/---

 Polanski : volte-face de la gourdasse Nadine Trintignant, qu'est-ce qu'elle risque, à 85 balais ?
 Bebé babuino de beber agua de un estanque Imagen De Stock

\---
/---

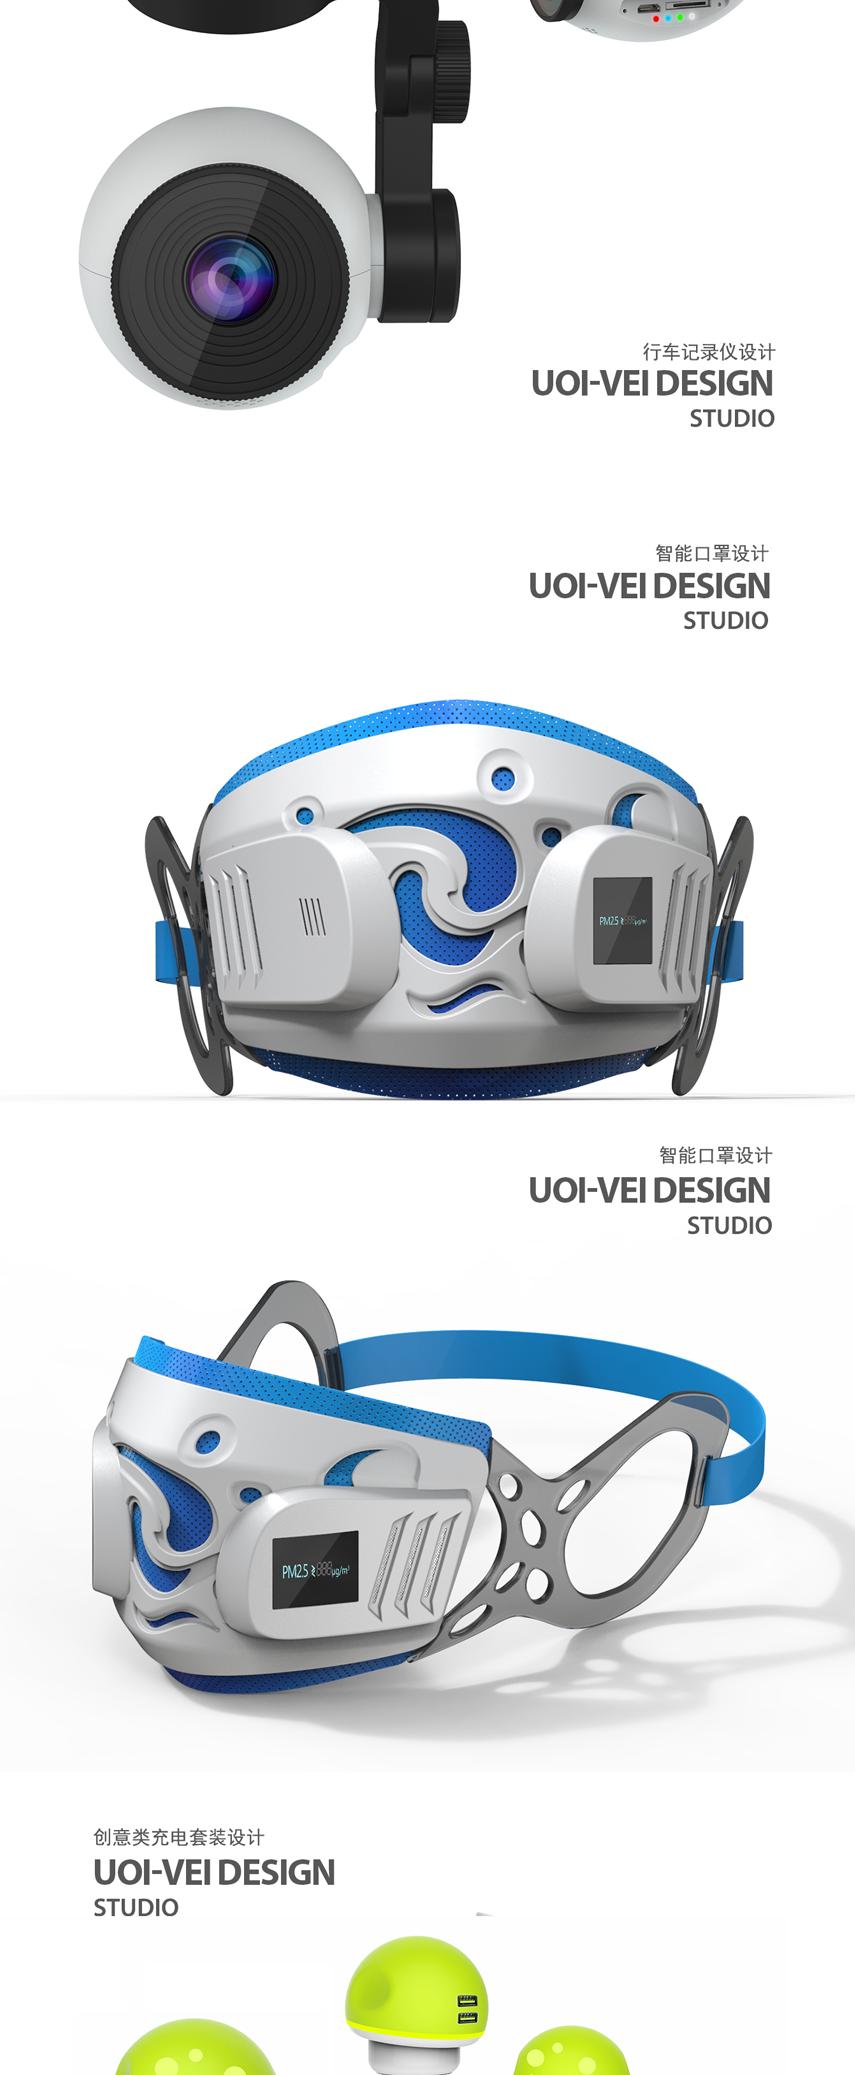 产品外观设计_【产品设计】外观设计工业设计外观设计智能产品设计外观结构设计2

\---

◆ Goal of the exercise
Of the lines above, retype only those from the line containing "Polanski : volte-face" through the line containing "Bebé babuino de", including both, exactly.

◆ Reply
 Polanski : volte-face de la gourdasse Nadine Trintignant, qu'est-ce qu'elle risque, à 85 balais ?
 Bebé babuino de beber agua de un estanque Imagen De Stock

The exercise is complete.